Agilent specifies the accuracy of the noise head calibration to be 0.16 dB in this frequency range. That seems like a very conservative specification in light of table 9.
The N4000A is very good in that the impedance does not change much from cold to hot. The one we used changes by 0.30 ohms from off to on. With the cable loss properly accounted for, the NF reading for non-matched GAAS FET LNA typically differs by 0.05 dB depending on whether the quarterwave cable is inserted or not.

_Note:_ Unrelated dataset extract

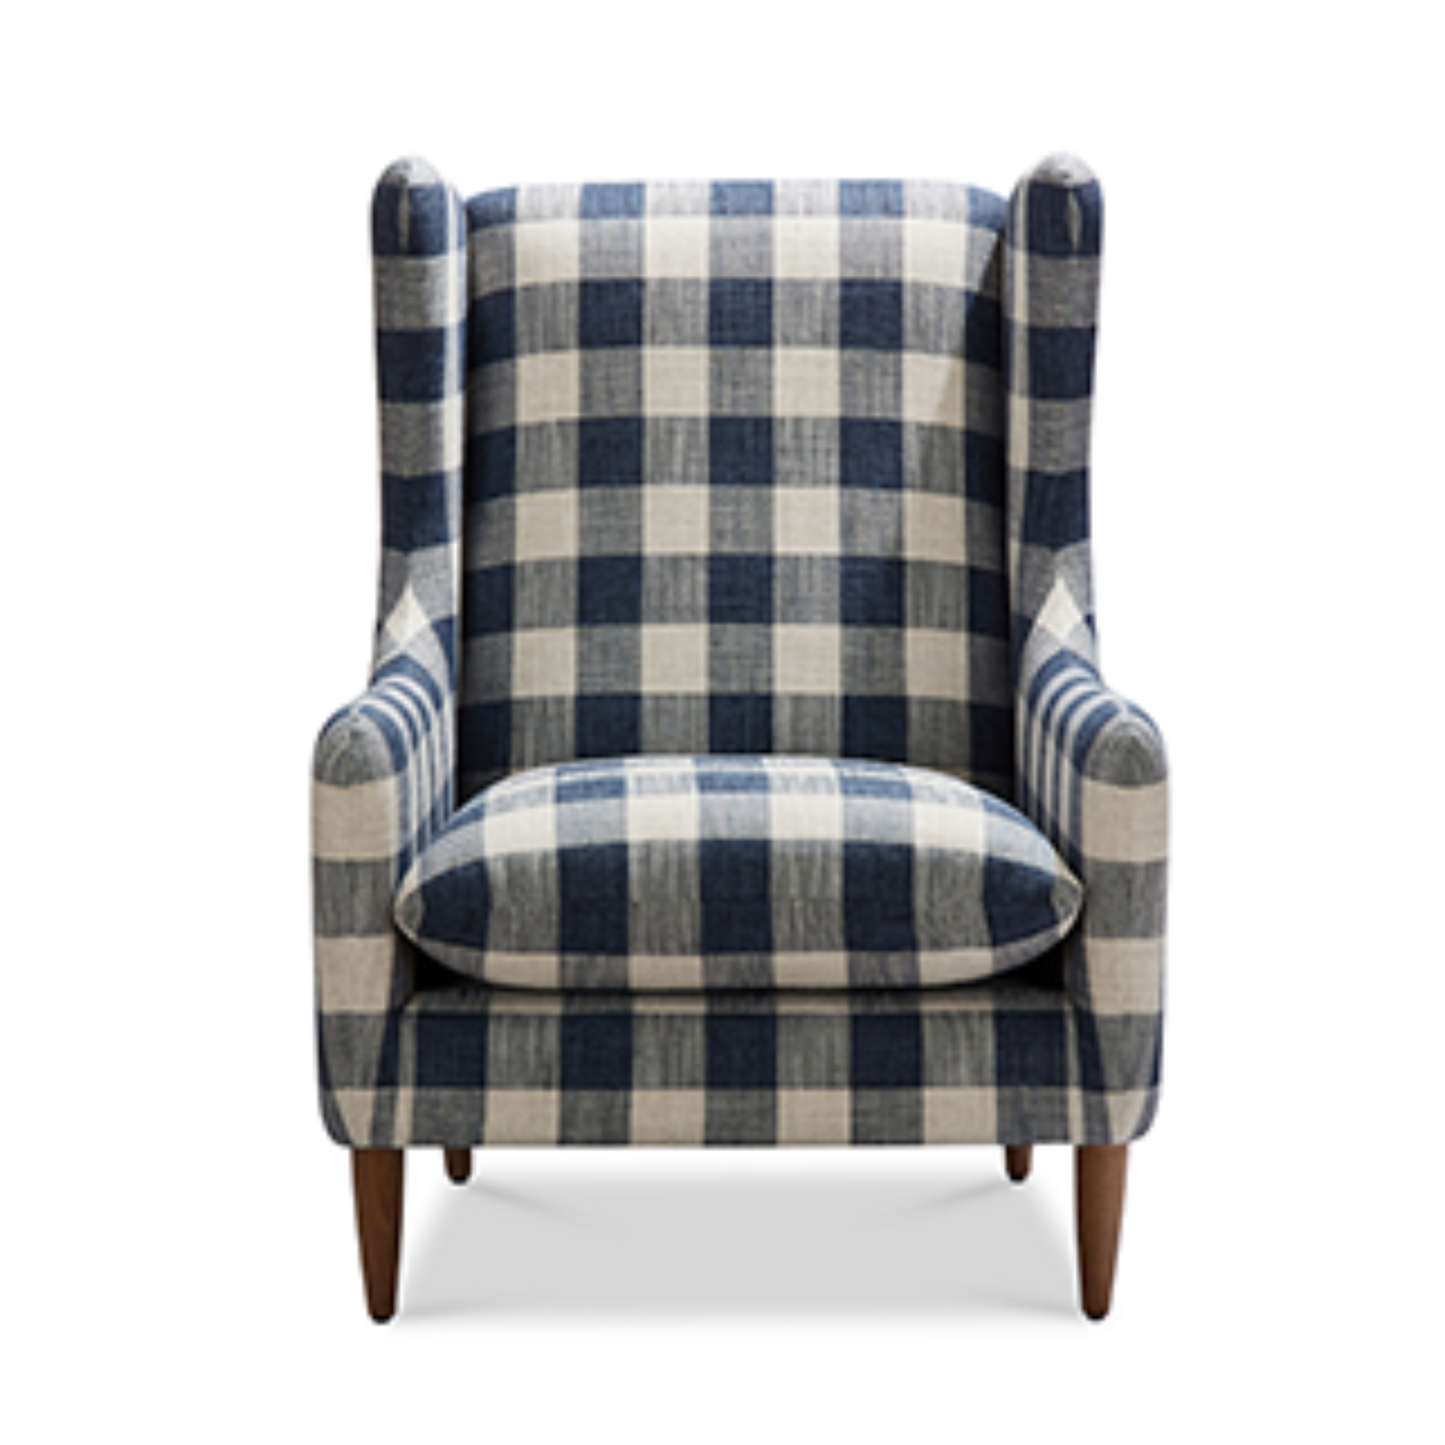 Heaton Chair by Molmic

This means that the error due to variations in the source impedance of the N4000A is only 0.025dB on the tested set of near infinite SWR amplifiers. With MMIC amplifiers the difference is one order of magnitude smaller.
There could be systematic errors in the hot/cold measurements with ice and steam and the good agreement with the N4000A could be accidental. There is no question however that relative NF values can be determined well within 0.01 dB either by use of a circulator or by use of the average of two measurements with and without a 0.25 wl cable.